Prof. Stephen Fai on short-listed team for Venice Biennale of Architecture

March 21, 2024

Professor Stephen Fai is part of a team in the running to represent Canada at the 2025 Venice Biennale of Architecture with a project that aims “to provoke architecture to rethink natural abundance as obligation rather than privilege.”

Image Credit: Courtesy of AK A

FIELD+ is a national research and design collective which comprises:

 

  • Andrew King, founder, AK¬ A/FLDWRK, professor of practice, McGill University School of Architecture

  • Lev Bratishenko, curator and writer

  • Stephen Fai, director, Carleton Immersive Media Studio, and professor, Azrieli School of Architecture & Urbanism

  • Angela Silver, visual artist

  • Shauna McCabe, curator and director, Art Gallery of Guelph

  • Nedra Rodrigo, founder, Tamil Studies Symposium, York University

  • Matthew Hickey, architect, founder, Two Row Architect

  • Josh Taron, associate professor, University of Calgary’s School of Architecture

Dr.

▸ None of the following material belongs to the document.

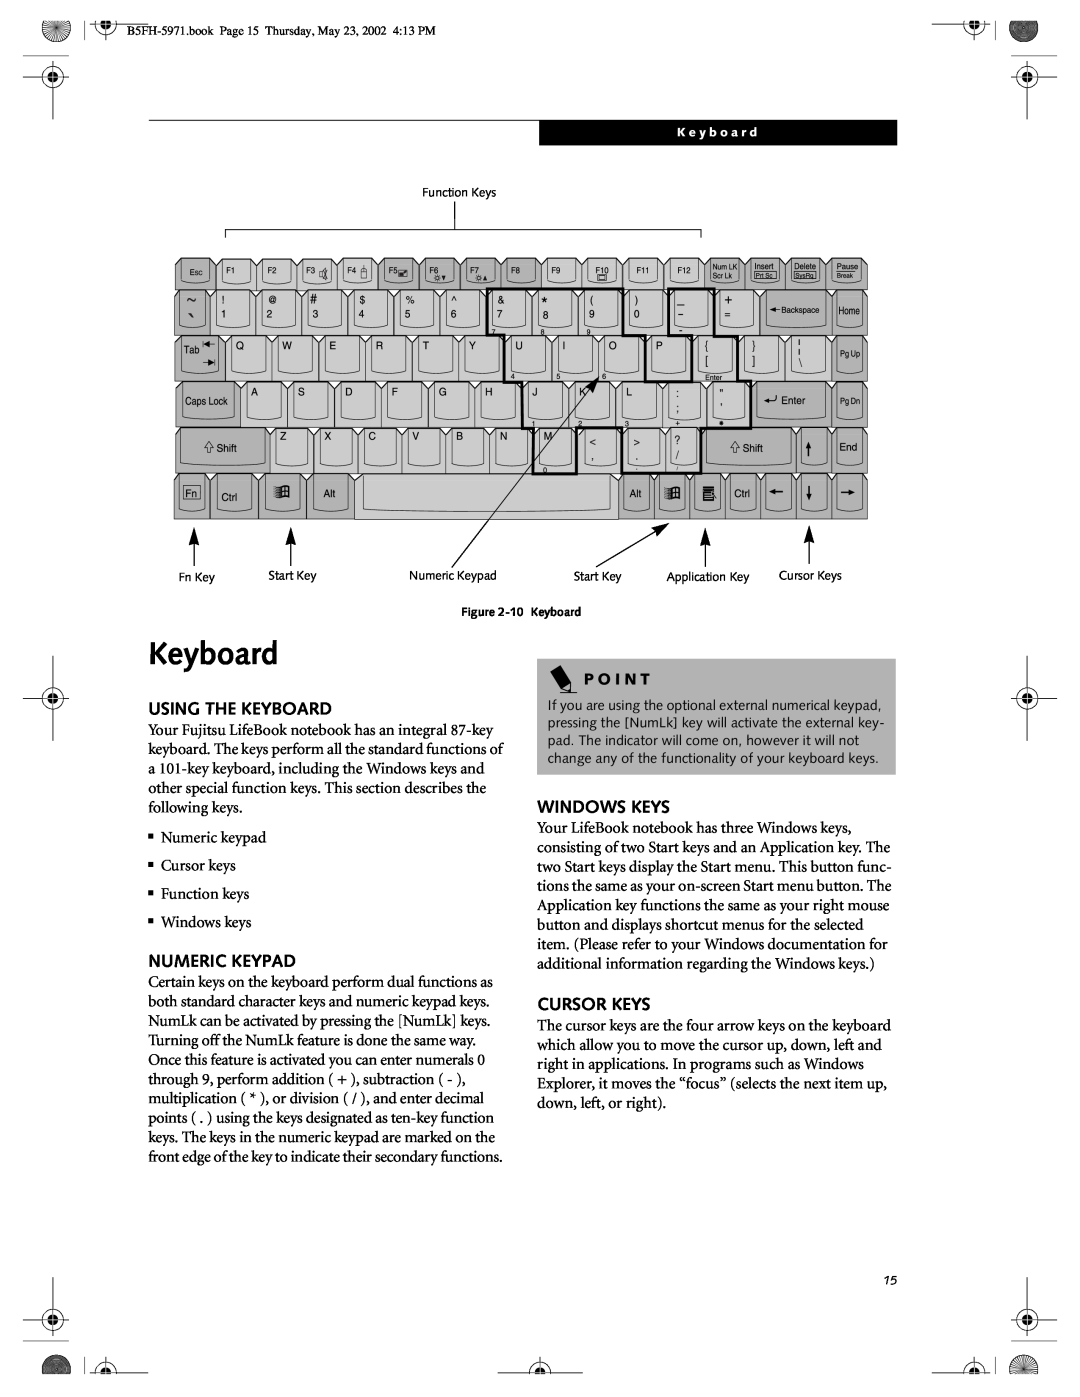 Fujitsu C2010, C2111 manual Using The Keyboard, Numeric Keypad, Windows Keys, Cursor Keys, P O I N T 
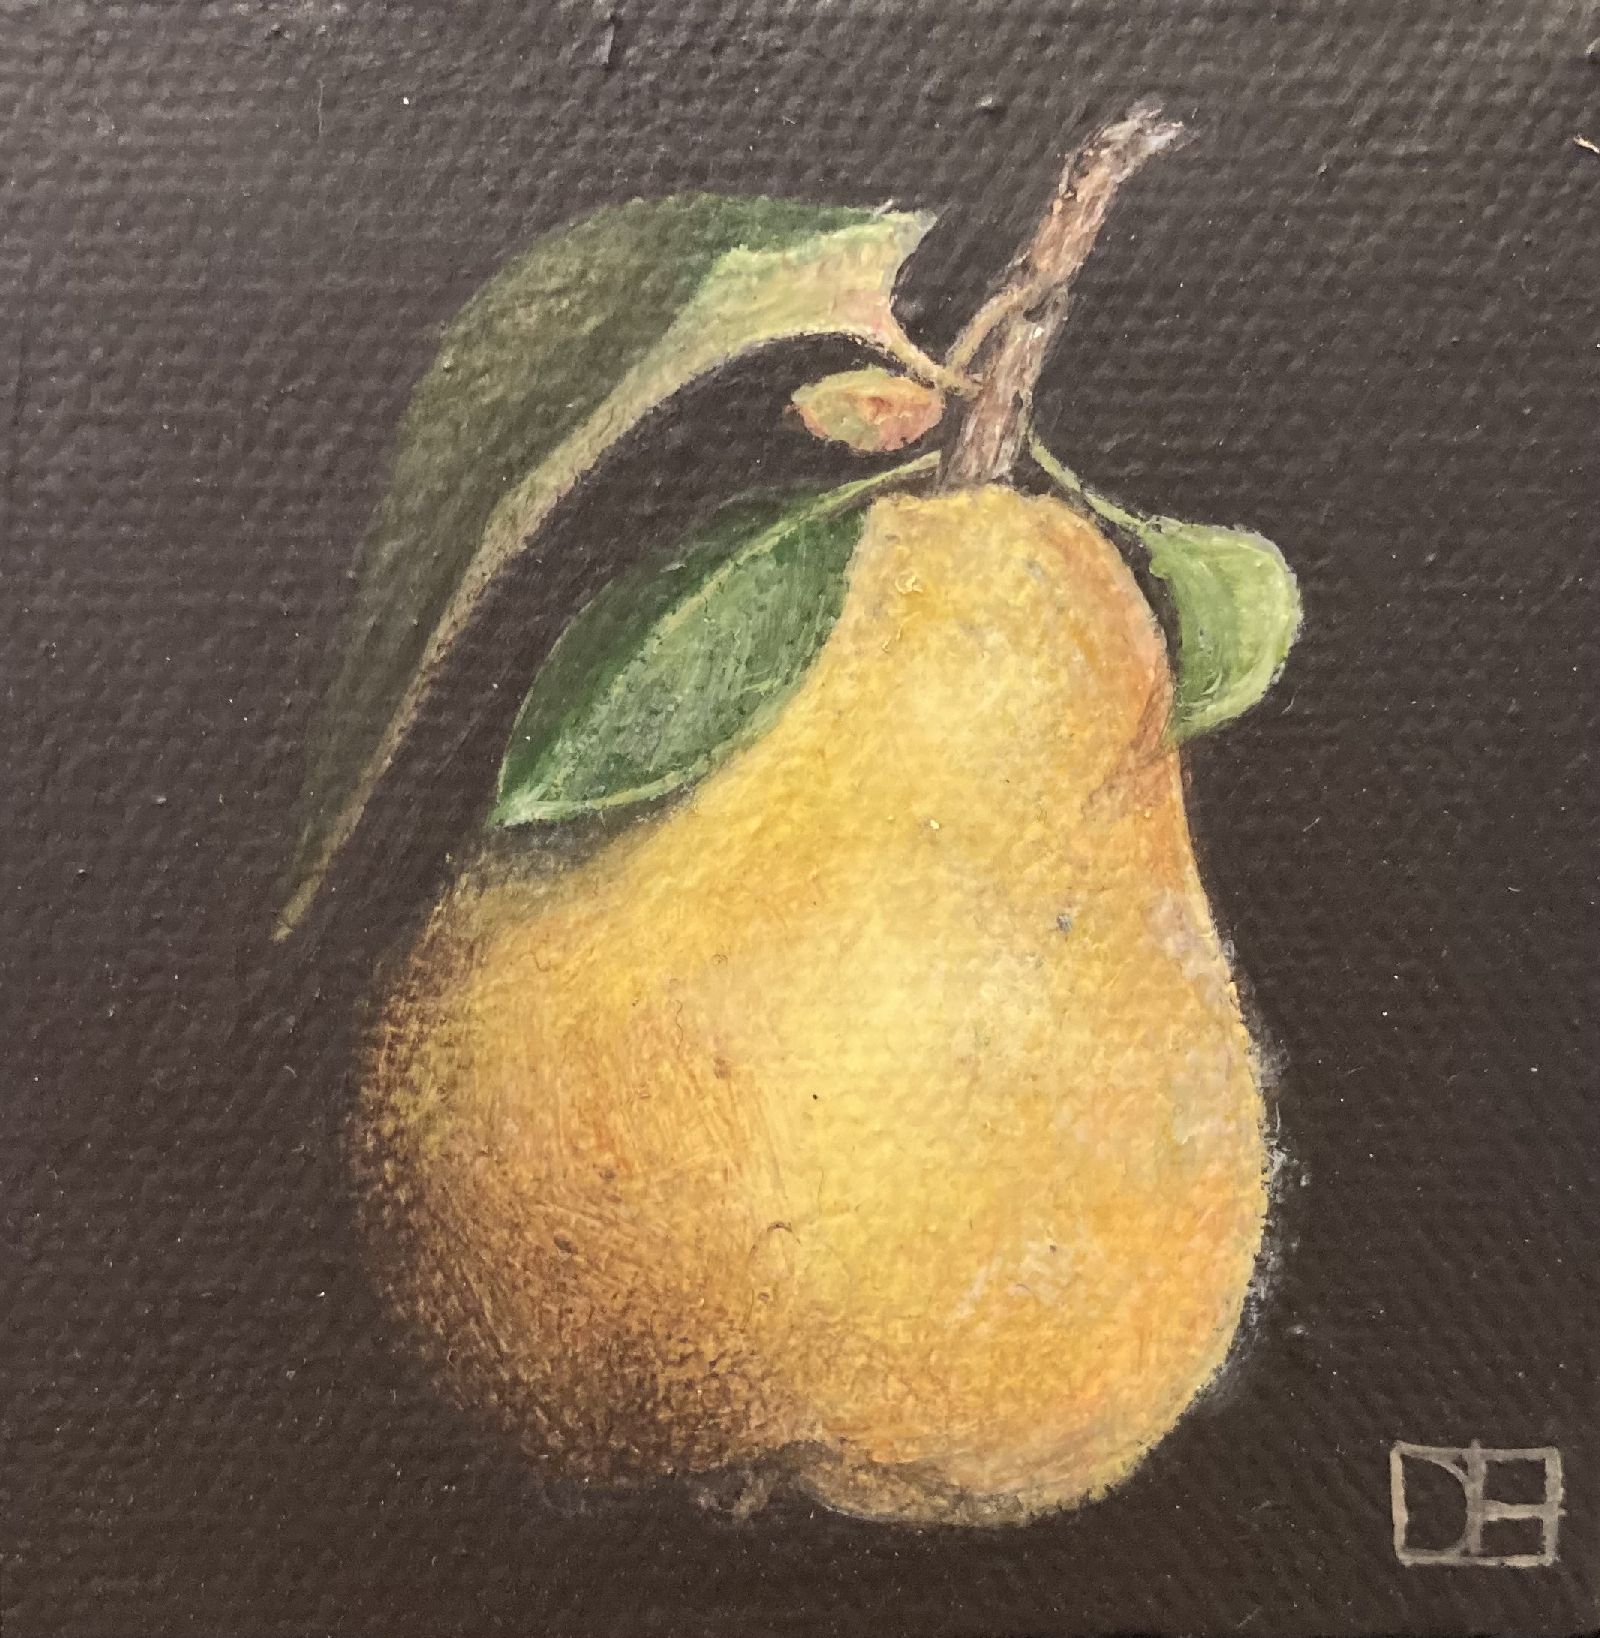 Dani Humberstone - Pocket yellow quince

Fai is the director of the Carleton Immersive Media Studio (CIMS), affiliated with the Azrieli School of Architecture & Urbanism at Carleton University. He is also a professor at Carleton’s school of architecture.

 

The Canada Council for the Arts, the Commissioner for Canada’s official representation at the 19th International Architecture Exhibition – La Biennale di Venezia, recently announced five shortlisted teams.

 

The mandate of FIELD+ is to provoke architecture into responsible action and declaring its positions, and to question the norms of the biennial exhibition format, according to the group’s statement on the Canada Council website. It says:

 

The project is intended to provoke architecture to rethink natural abundance as obligation rather than privilege, starting from the Canadian landscape and its enduring fantasies. How can we engage responsibly with abundance in a country that identifies with a need to grow?

 

Through a series of public provocations, seven themes will emerge through national collaborations before, during, and after the exhibition, turning the process and the pavilion into living spaces of production and connection open to more publics. We are abundant and heavy with responsibility; we must reconceptualize, redistribute, rearrange, and redesign in response, inviting a more hopeful, inclusive, and just future.

 

Another of the shortlisted candidates is the Mixtape Collective, which includes Farida Abu-Bakare, a 2009 alumna of the Azrieli School of Architecture & Urbanism.

 

Those shortlisted have been invited to fully develop their proposals and to participate in an interview with the Commissioner and members of the selection committee.

 

The selected team and proposal will be announced in May 2024.

 

The Canada Council says it seeks to support proposals with bold ideas that inspire, challenge, and respond to current realities through the lens of contemporary Canadian architecture.